«Se se peocurasse o meio mais eficaz de desviar a atenção do essencial do Evangelho, creio que não se teria encontrado nada melhor do que a “grande teologia” das nossas Igrejas», escreve o padre Eloy Roy, da Sociedade para as Missões Estrangeiras, em Fé Adulta.
O missionário, de 88 anos, diz de si mesmo: «Nos meus trinta anos de andanças missionárias por Honduras,
Argentina e China, descobri que Deus fala pela boca dos “ninguém”. A sua
linguagem é a dos direitos humanos, das culturas indígenas a resgatar, das
terras ancestrais a recuperar, do amor à Mãe Terra, da libertação das mulheres,
do horrendo escândalo da pobreza e do crime contra a humanidade dos
desaparecimentos de pessoas, etc. É a
linguagem do Evangelho, a de um Deus feito povo.»
No texto, prossegue assim a sua reflexão: «Teria sido tão simples ficar com o Jesus do Evangelho, com as suas parábolas, as suas audácias, os seus testemunhos.
Não, foi preciso comparar-se com os filósofos mais prestigiados da Antiguidade, competir com eles, mostrar-lhes que se sabia mais do que eles. Foram-lhes roubadas as suas obras e tomaram de empréstimo a maior parte das suas prioridades e sua visão das coisas, contentando-se em batizar tudo com fragmentos retirados da Bíblia.

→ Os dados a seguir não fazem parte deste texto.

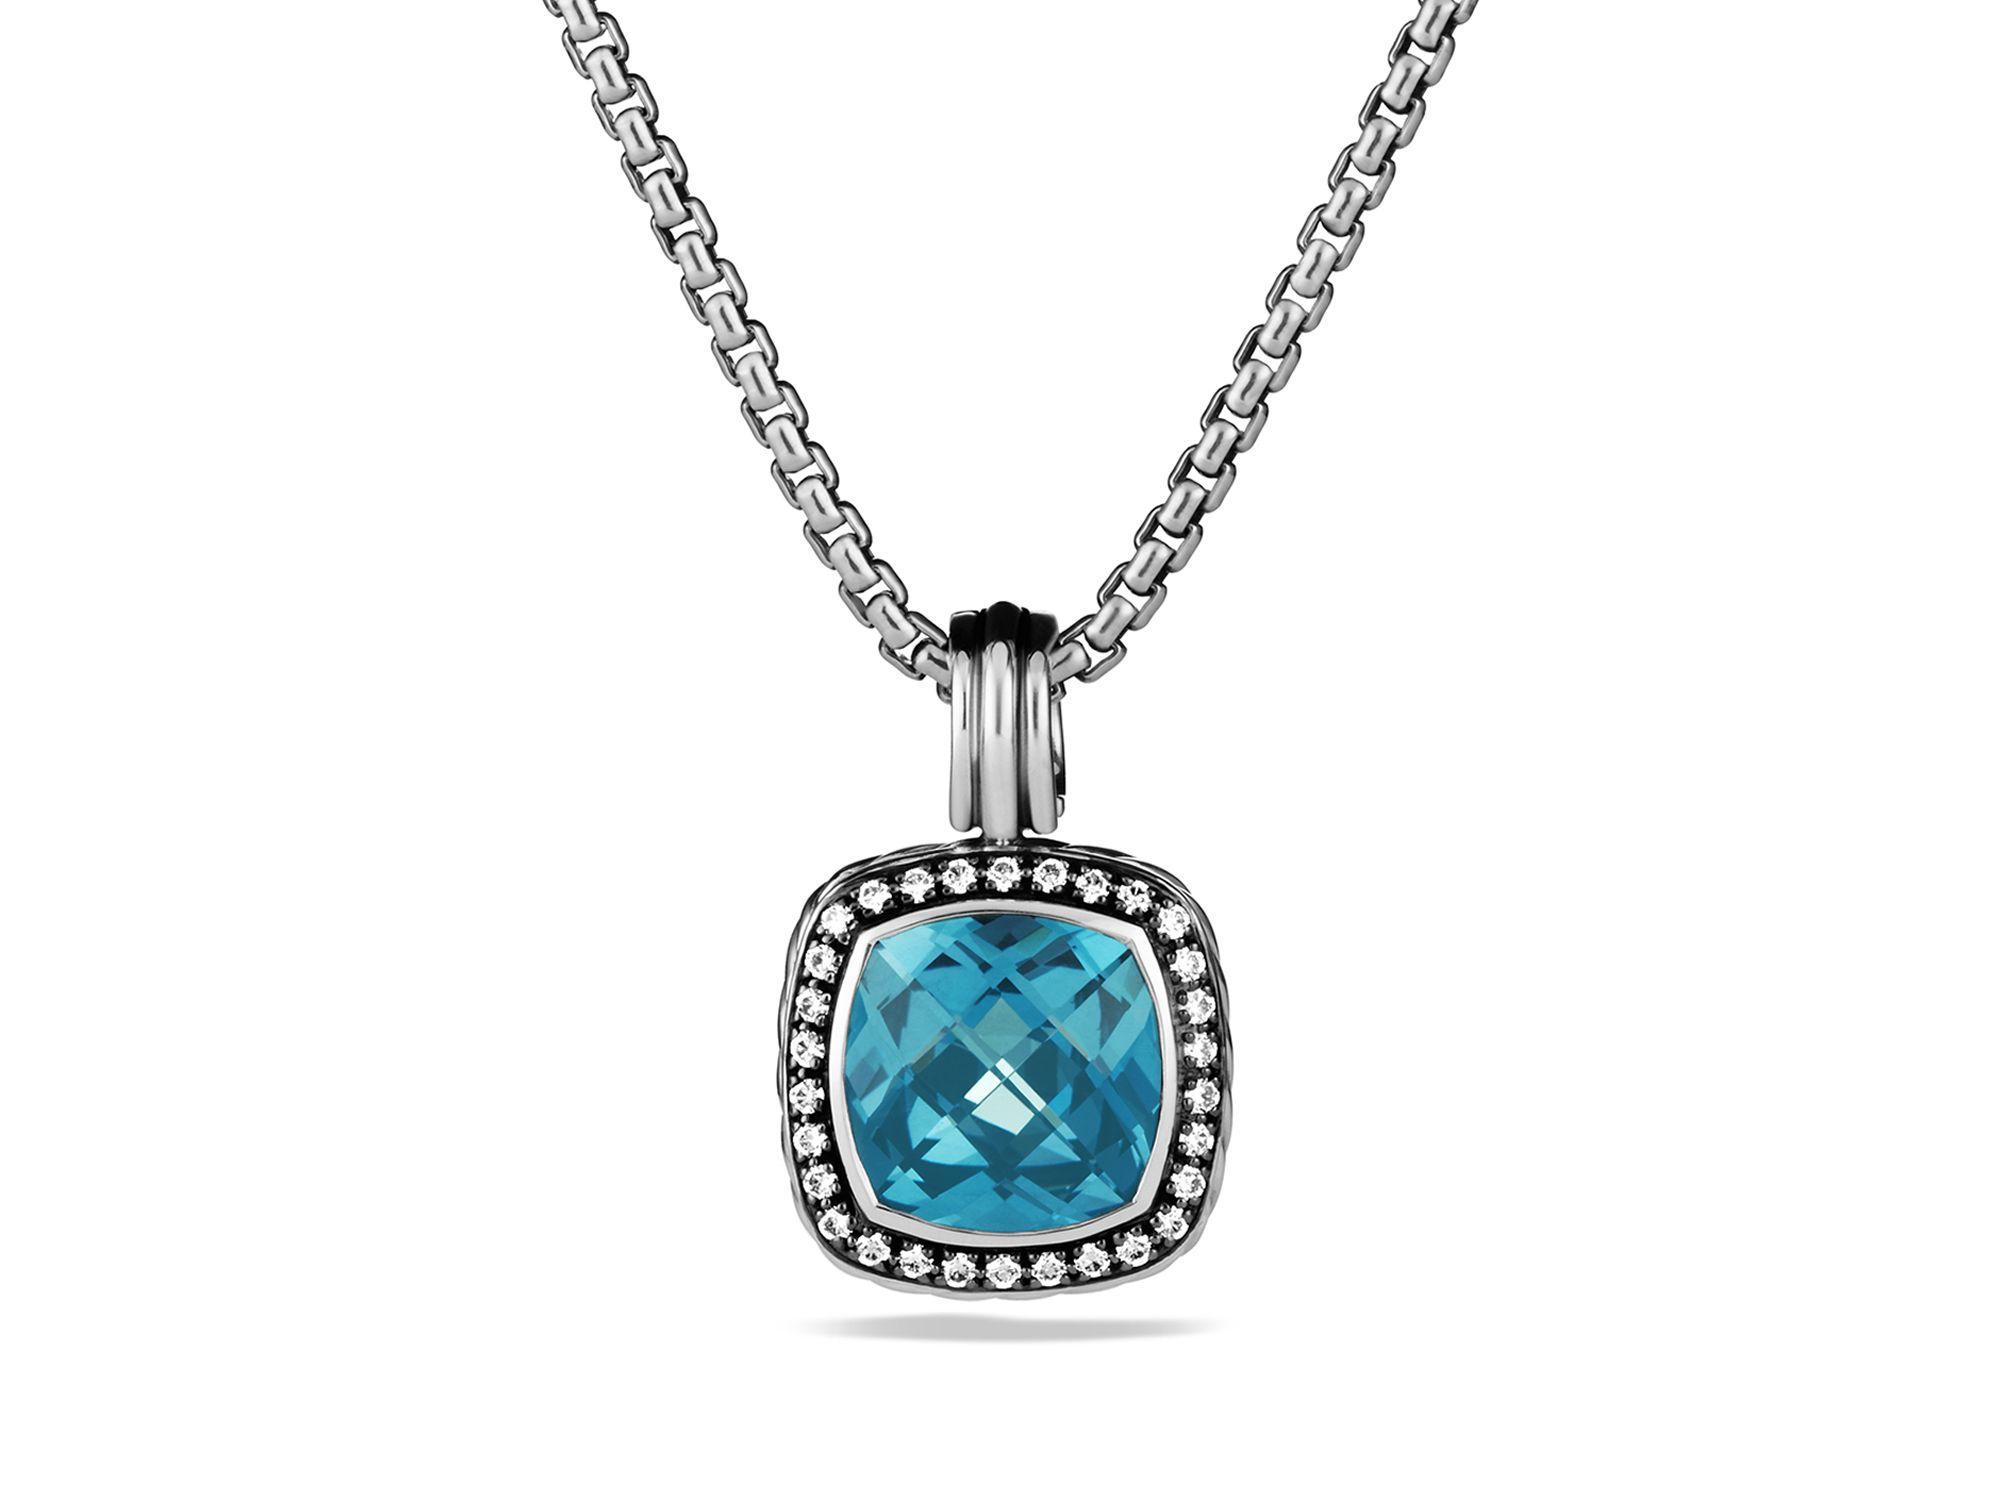 David yurman pendant necklace traumspuren saveenlarge lyst david yurman starburst pendant aloadofball Gallery

Perdemo-nos em especulações sobre as faculdades da alma, sobre a Trindade, sobre a transubstanciação, sobre a virgindade de Maria, as “notas” da Igreja e mil e uma coisas deste género, passando realmente ao lado do que está no coração do Evangelho: o Reino que Jesus anunciou como Boa Nova para os pobres (Mt 4, 23, Lc 4, 14-21).
Encerrámos a vida cristã numa série de silogismos, dogmas e regras morais e criámos uma lista interminável de condições para nos podermos de salvar, quando teria sido suficiente atermo-nos ao Bom Samaritano de Lucas (Lc 10,29-37), ao Juízo Final de Mateus (Mt 25,31-46) e ao Mandamento Novo de João (Jo 15,12).
Entre o que Deus revela aos pequeninos e oculta aos sábios, foram escolhidas as dissertações dos sábios. Ao helenizá-la, a Bíblia foi morta. A loucura dos gregos tornou-se a nossa própria loucura (Lc 10, 21; 1 Cor 1, 22).
Esta teologia, que é praticamente exclusiva dos círculos de especialistas, é um instrumento de dominação: é uma parte interessada desse poder obscuro que tornou a Igreja uma instituição tão estranha e, em certa medida, tão oposta ao Evangelho.
É a causa primeira das inúmeras querelas que dilaceram a Igreja e corroem as suas melhores energias; é o que, pelos seus raciocínios capciosos e ações subtis, torna a Igreja, por assim dizer, impermeável ao Espírito.
Se devesse existir uma teologia no mundo cristão, esta teria de partir apenas dos pobres. Porque os pobres são os únicos e verdadeiros doutores da Igreja, não tanto pelos seus discursos quanto pelos seus pesados silêncios, seus gritos de angústia ou seus cânticos de esperança.
Juntamente com eles e o Jesus do Evangelho, busquemos com sinceridade uma resposta audaz para as suas expectativas, e então faremos uma teologia que não envergonhará mais aqueles que, nos primórdios da Igreja, se deixaram devorar pelos tigres em vez de trair a imensa esperança que o Evangelho representava para os deserdados da terra.
Que toda a outra teologia vá parar ao Index e todos os pobres da terra sentir-se-ão muito melhor. E o Evangelho também.»